So it works, after all! Why I installed the German coronavirus tracing app

Commentary

Open-source software, transparent communication, and public-private cooperation with both large and small companies—the development of the German contact tracing app could be a model for future government IT projects.

Teaser Image Caption
Corona-Warn-App: Transparency through open-source software

I did it. Like millions of Germans, I downloaded and installed the coronavirus contact-tracing app on my smartphone. And so far, I have no major bones to pick with it.

For me, this is very unusual. I have been dealing with the issue of data protection in the digital age for more than 15 years now. I've sued companies for my data, and I fight for constitutional and human rights on a daily basis. And yet, I made a conscious decision to install and use this app that collects my data.

Its decentralized architecture ensures that my smartphone can communicate with other users’ phones without my personal information leaving my device. The app runs silently in the background. Even the initial concern that the app would drain the phone battery turned out to be unfounded. With well over 14 million downloads from the app stores by the end of June and no known security gaps worth mentioning so far, the German app really hit it out of the park.

SAP and Deutsche Telekom have created an open-source product, demonstrating that high levels of data protection, proper IT security, and open-source software don’t have to compromise user-friendliness. At the same time, the development process of this app may become a blueprint for many future government IT projects.

A pragmatic decision in favor of decentralized data processing

It was not a foregone conclusion that the app would be a success. Initially, during March and April, the German government was zigzagging. First, it wanted to evaluate radio cell data to track infection paths. After this met with public resistance and massive concerns about the usefulness of this data, the government backpedaled and opted for a Bluetooth-based contact-tracing approach with central data storage and evaluation.

The latest shift, away from central data storage and in favor of the current approach to calculate infection risks locally on individual user devices, was a pragmatic decision. After Apple and Google, the manufacturers of the dominant mobile operating systems on the market, announced that they would make a new Bluetooth interface available only for apps that distribute and store data in a decentralized manner, it became clear that any app without this interface (the API) would be severely limited. Without API-enabled access, data could only be exchanged if the app remained open in the foreground at all times, which would quickly drain batteries and require users to reopen the app after each restart. It remains to be seen whether a tracing app without this interface can also work, for example, in countries that opted for centralized systems such as France. So far, however, the numbers are sobering and downloads are sluggish.

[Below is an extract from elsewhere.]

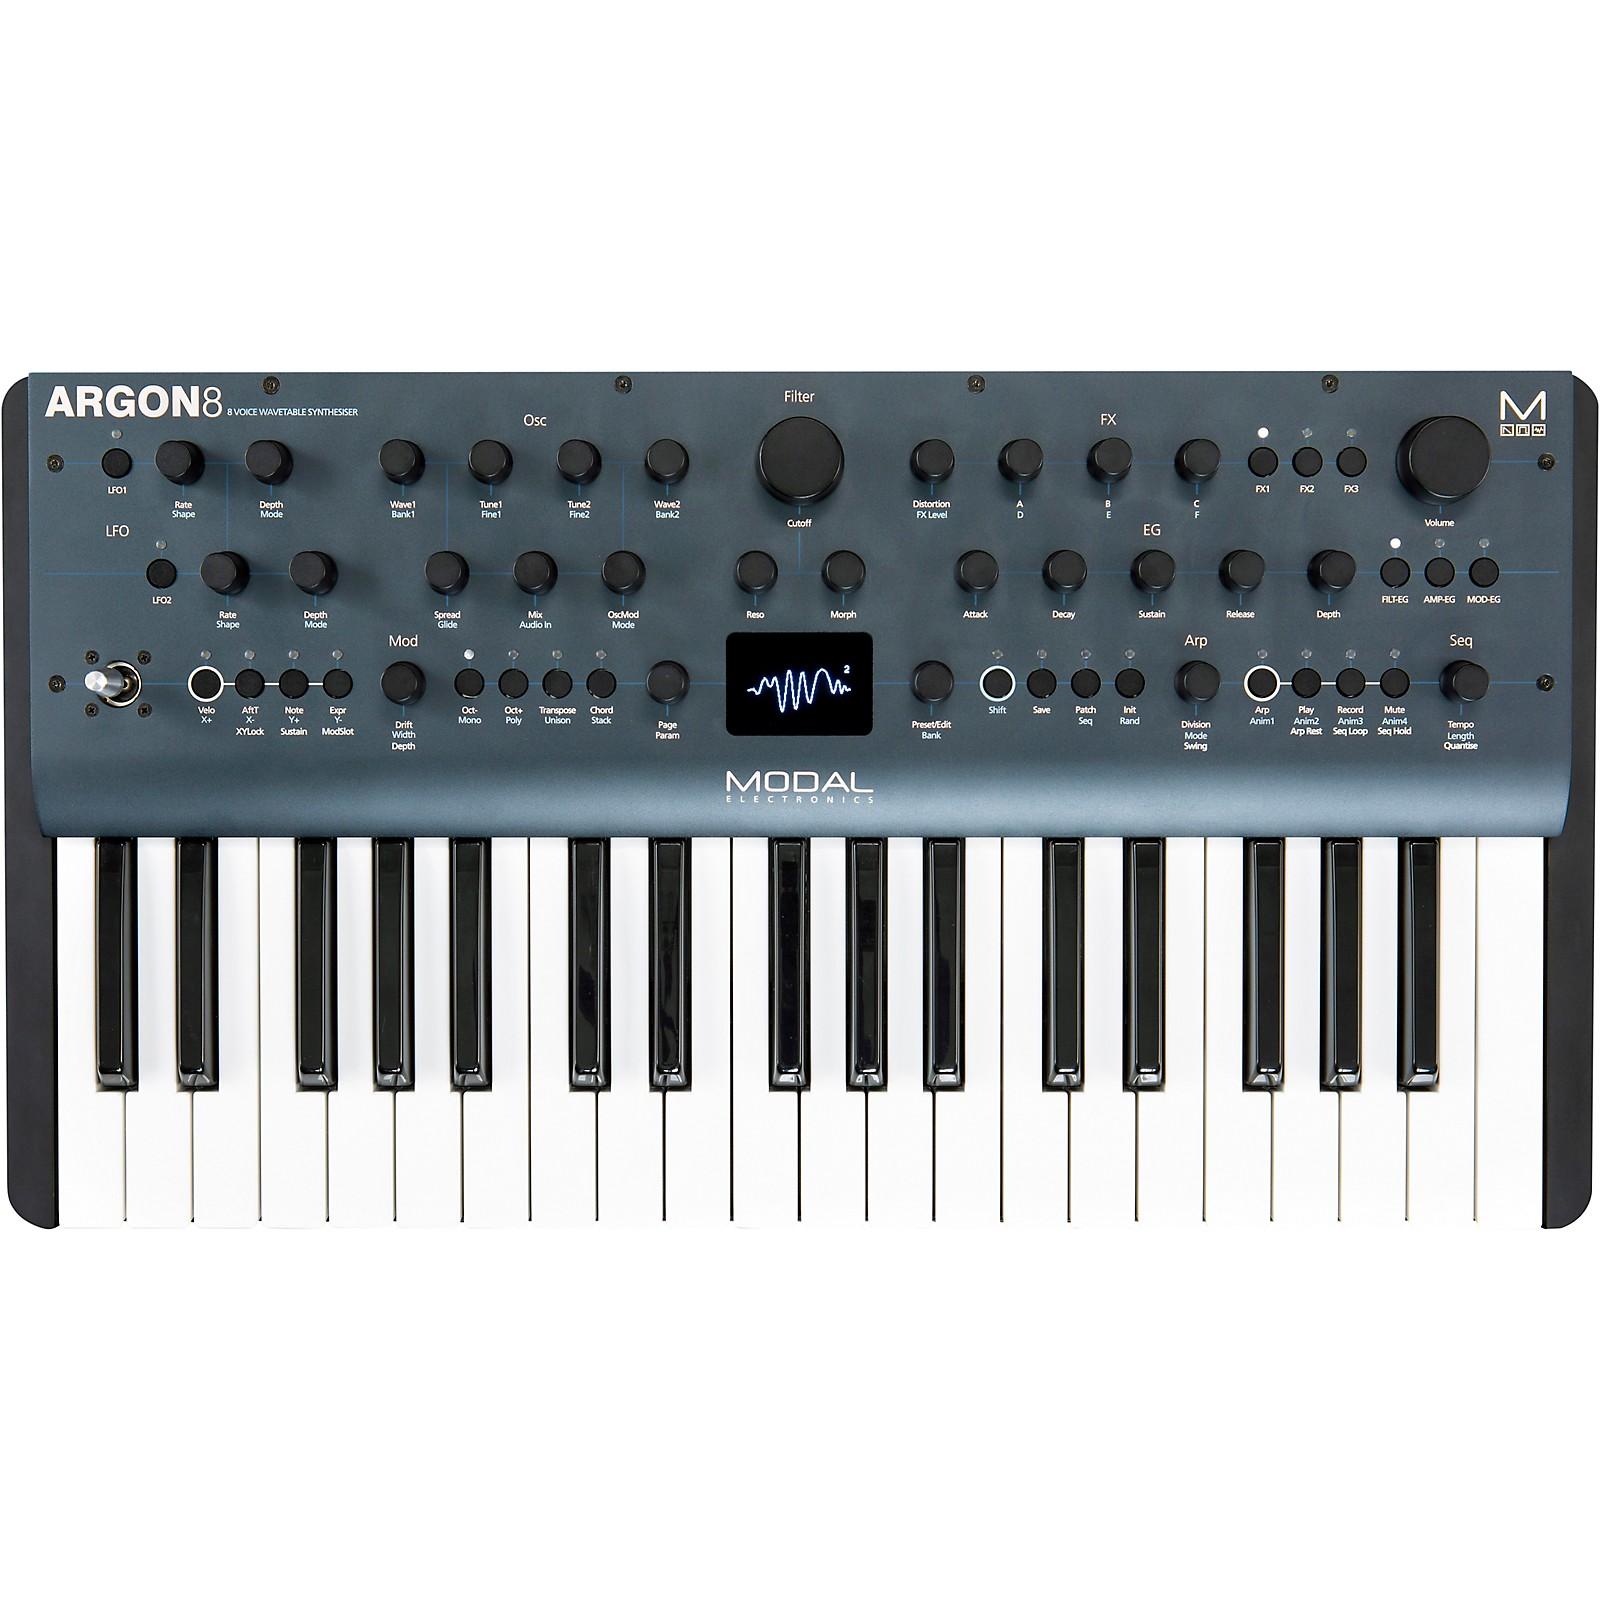 Modal Electronics Limited Argon8 37-Key 8-Voice Polyphonic Wavetable Synthesizer
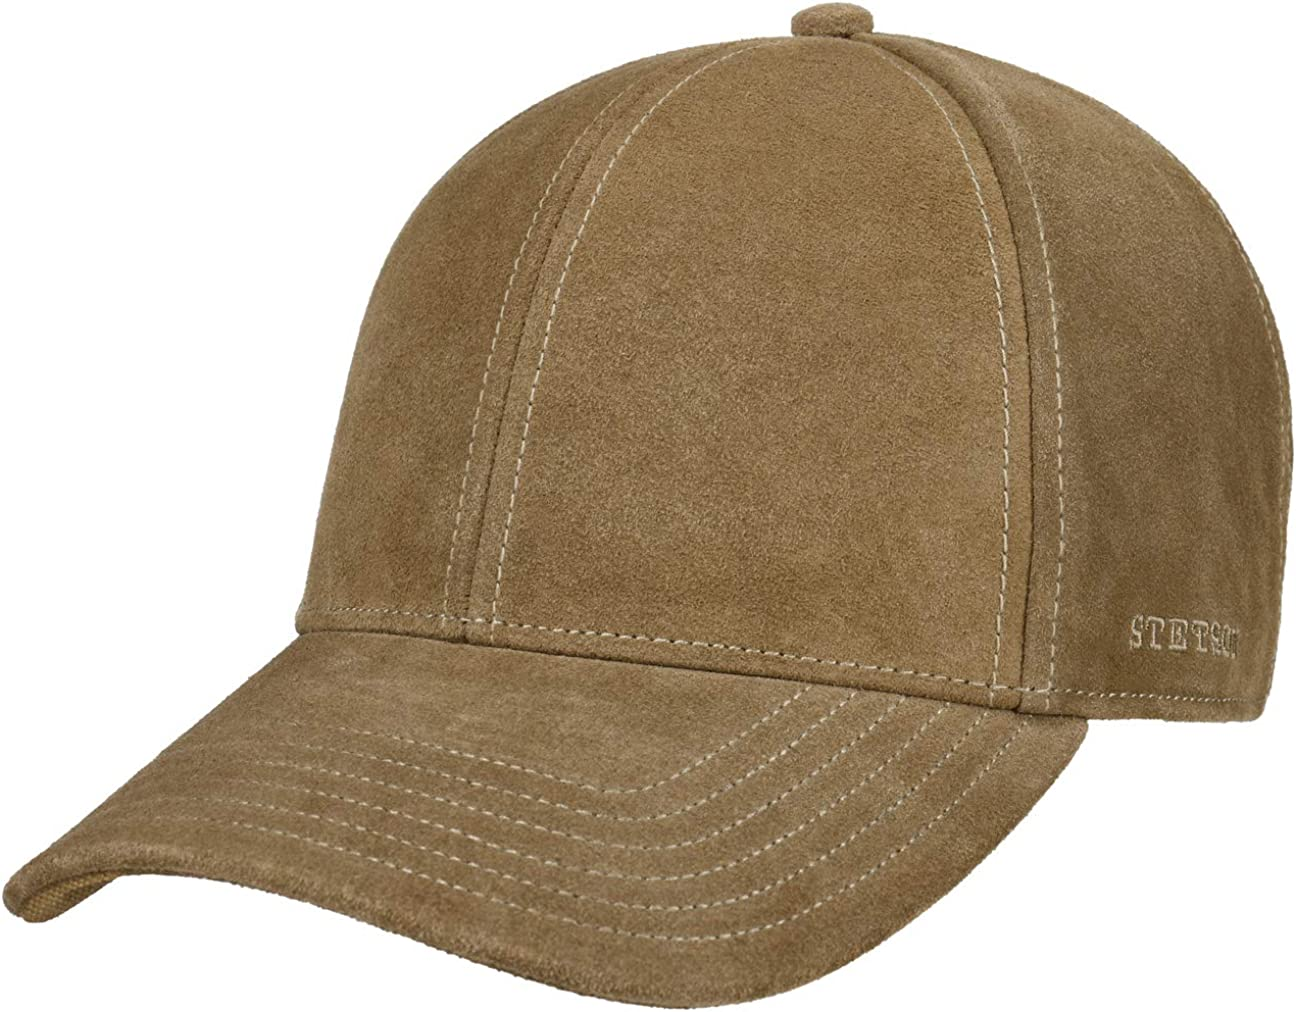 Stetson Men's Calf Leather Baseball Cap Brown

The German government made the right decision when it opted for a decentralized approach and thus for compatibility with the new API. And once this decision was made at the end of April, implementation got off the ground quickly. The Chancellor’s Office and the Federal Ministry of Health required the involved companies to be consistently open and transparent about the process – earning both praise from champions of data protection and the public’s trust. The publication of the source code was a breakthrough, because open-source software is a rarity in government IT projects.

Startups were involved in the process

SAP and Deutsche Telekom, the two largest German companies in the field, were contracted to implement the project. The fact that the government went with the big players rather than smaller technology companies comes with a hefty price tag: the app will cost 68 million euros over two years. But – and this is also a novelty – the two corporations developed the app in collaboration with a network of startups that had rallied under the slogan “Gesundzusammen” (healthy together). The startups improved the app’s user-friendliness by contributing their experience in direct customer contact. SAP is a business-software manufacturer that does not normally deal with end customers, and Deutsche Telekom is not exactly renowned for stellar customer service.

These are the lessons learned from three months of discussion, testing, and now the roll-out:

1. Transparency creates trust

The confusing dispute among experts on whether to opt for a centralized or decentralized approach initially sowed skepticism among the general public. In addition, the German population generally does not have much confidence in the state when it comes to IT projects. Major billion-dollar projects such as the electronic patient file are stalled and most citizens don’t see the point of an electronic ID. In addition, although Germany is paying lip service to data protection and IT security, it is also torpedoing these very values with an unconstitutional security policy, the most recent example being a proposal to allow domestic intelligence services to engage in hacking.

With the “Corona-Warn-App,” as it is dubbed, the German government is setting a counterexample -- focusing on maximum transparency, data protection, and IT security. Its success proves that this approach pays off. Civil society and experts were involved in the process, facilitating an earnest dialog. The companies’ commitment to an open-source code was the right decision and must serve as a model for all future government IT projects. The decision to make the data protection impact assessment, which is required under the GDPR, fully available to the public, should also become a standard practice; that is the only way interested users can form their own opinions on technical solutions.

When large companies and startups collaborate, institutionalized experience meets innovative courage, creating synergies and boosting user-friendliness. In addition, there was a great sense of accountability among the majority of the involved parties, both on the part of the developers and on the part of the parliamentary opposition as well as digital civil society. The project has been critically monitored, but it is not being attacked just for the sake of criticism.

2. Global crises require uniform solutions

Another important – and more ambiguous – insight is that crises of the scale of Covid-19 require solutions across national borders. While apps that are based on the Apple/Google interface lay the foundation for a uniform approach, they lack democratic legitimacy.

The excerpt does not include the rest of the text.